Little is known about the relation between cardiovascular-related mortality and physical activity (PA) as objectively measured by step count with an accelerometer and other survival-related parameters such as left ventricular ejection fraction (LVEF), plasma brain natriuretic peptide (BNP) concentration, peak oxygen uptake (peak VO 2 ), and VE/VCO 2 slope (relation between ventilation [VE] and carbon dioxide production [VCO 2 ]) in heart failure (HF) outpatients. We hypothesized that low PA, as measured by step count, would be related to a reduced rate of survival and might predict mortality in addition to other survival-related parameters in HF outpatients. The present study aimed to determine (1) the relation among peak VO 2 , VE/VCO 2 slope, PA, and mortality by investigating whether these values are related to differences in long-term cardiac-related mortality, and (2) whether there are cut-off values for peak VO 2 , VE/VCO 2 slope, and PA as measured by step count that are associated with a reduction in mortality between survivors and nonsurvivors in a cohort of Japanese outpatients with HF.
Methods
In this prospective observational study, consecutive Japanese outpatients with HF were selected for evaluation by cardiopulmonary exercise testing from 1,899 cardiac patients with myocardial infarction, coronary artery bypass grafting, valve replacement, or HF who visited St.
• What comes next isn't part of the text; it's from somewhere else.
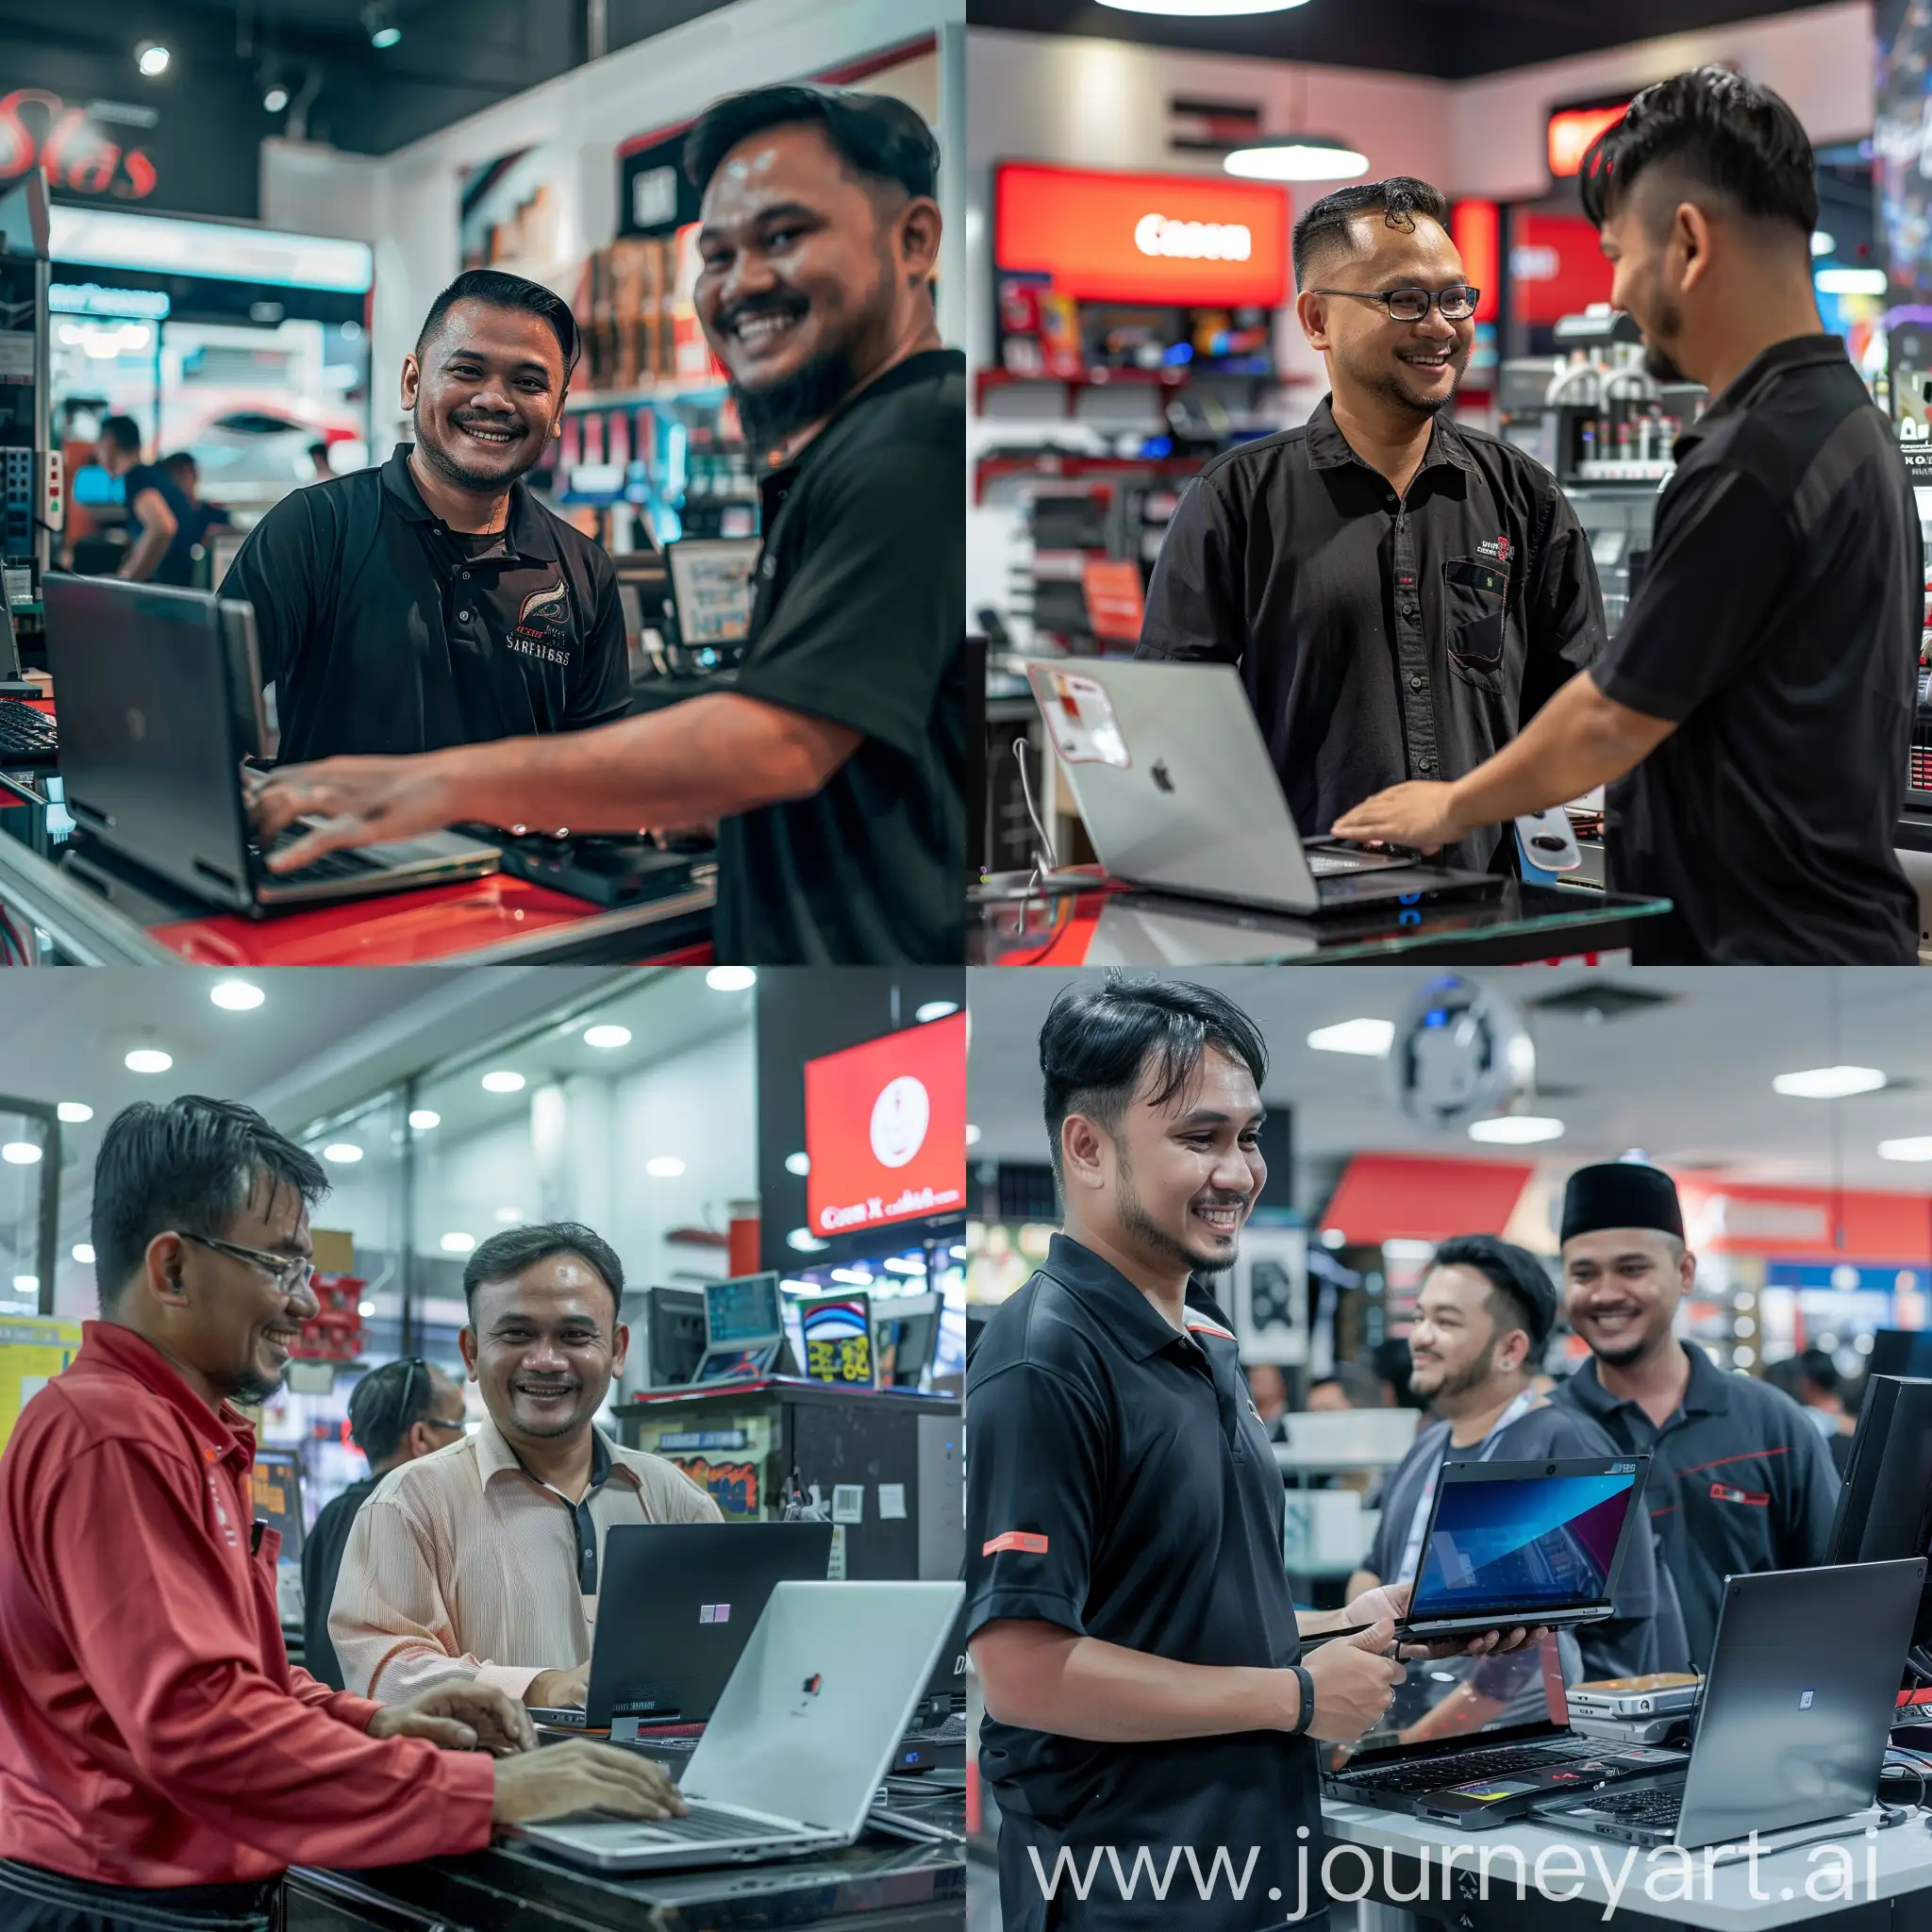 Smiling-Malay-Mechanic-Assisting-Customer-with-Laptop-Purchase-in-Modern-Computer-Shop

Marianna University School of Medicine Hospital from November 2002 to October 2010. Patients classified as New York Heart Association functional class IV and those with neurological, peripheral vascular, orthopedic, or pulmonary disease were excluded. From these 1,899 patients, 477 stable HF outpatients aged 50 to 89 years were included in this study, which was approved by the St. Marianna University School of Medicine Institutional Committee on Human Research. Written informed consent was obtained from each patient.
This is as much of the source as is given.